Movies

Film Review: ‘Body at Brighton Rock’

Filmmaker Roxanne Benjamin spends a tad too much time on the character-establishing setup during the first act of her “Body at Brighton Rock.” Once she has lured her audience into joining her plucky but ill-prepared protagonist into a secluded area of a picturesque state park, however, the first-time director efficiently ratchets up the suspense — gradually, arrestingly — and doesn’t let up until she springs a final twist that plays like O. Henry by way of Stephen King.

Taken as a whole, her movie resembles nothing so much as an episode of some ’60s anthology series, à la “The Alfred Hitchcock Hour,” that traditionally spun stories at a measured pace while sustaining tension and raising mortal stakes. Indeed, a judiciously trimmed version of “Body at Brighton Rock” would not have been out of place among the hour-long episodes produced during the 1963 season of the original “The Twilight Zone.”

Karina Fontes is well cast and convincing as Wendy, a part-time summer employee at a mountainous state park where friends and supervisors alike appear to view her as a frivolous scatterbrain. Partly to help a friend spend more time with her crush, and largely to prove she’s capable of handling responsibilities, she offers to switch assignments on the daily work schedule so she can post signs and police the grounds along a hiking trail. Unfortunately, Wendy, while well-meaning and determined, really is something of a ditz. She takes a wrong turn — several wrong turns, actually — and winds up atop a ridge deep in the backcountry.

And then she notices a dead body in a ravine below her.

Making her solo feature directing debut here after earning her spurs as a collaborator on “Southbound” (2015) and “XX” (2017), Benjamin methodically (and, for the most part, plausibly) paints Wendy into a corner by limiting her ability to communicate with home base after she’s ordered to remain in place and secure what may be a crime scene. Naturally, dusk is approaching and, just as naturally, a search team won’t reach her until morning, so she must spend the night all alone in the woods.

Except she isn’t alone: Before sunset, a vaguely ominous hiker who calls himself Red (Casey Adams) wanders by, takes an interest in the dead body, and pointedly suggests that the deceased may not have died as a result of a fall. Red departs, but Wendy worries whether he might return. Time passes, and she starts to worry about other possible unwelcome visitors. Like, for example, bears.
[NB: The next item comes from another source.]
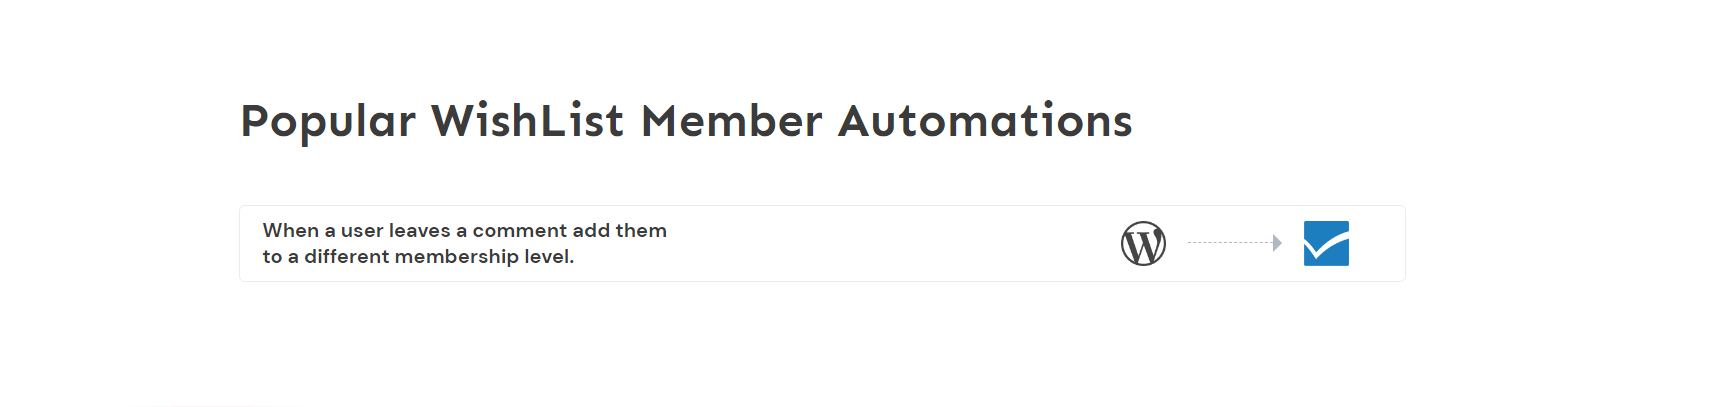 Snapshot of an Wishlist Member automation in Thrive Automator

“Body at Brighton Rock” is at heart a story of empowerment, as Wendy struggles to transcend her free-floating fears and entirely justified paranoia while facing the likelihood that, if there’s any rescuing to be done, she may have to rescue herself. At the same time, however, Benjamin, working from her own screenplay, never allows her audience to get too comfortable. Throughout most of the movie, we see everything from Wendy’s anxious point of view. But Benjamin teasingly allows for the possibility that Wendy ultimately will be profoundly affected by something she never sees coming.

Deftly employing the power of suggestion and an emotionally potent sound design, “Body at Brighton Rock” is a well-crafted thriller with some crafty tricks up its sleeve.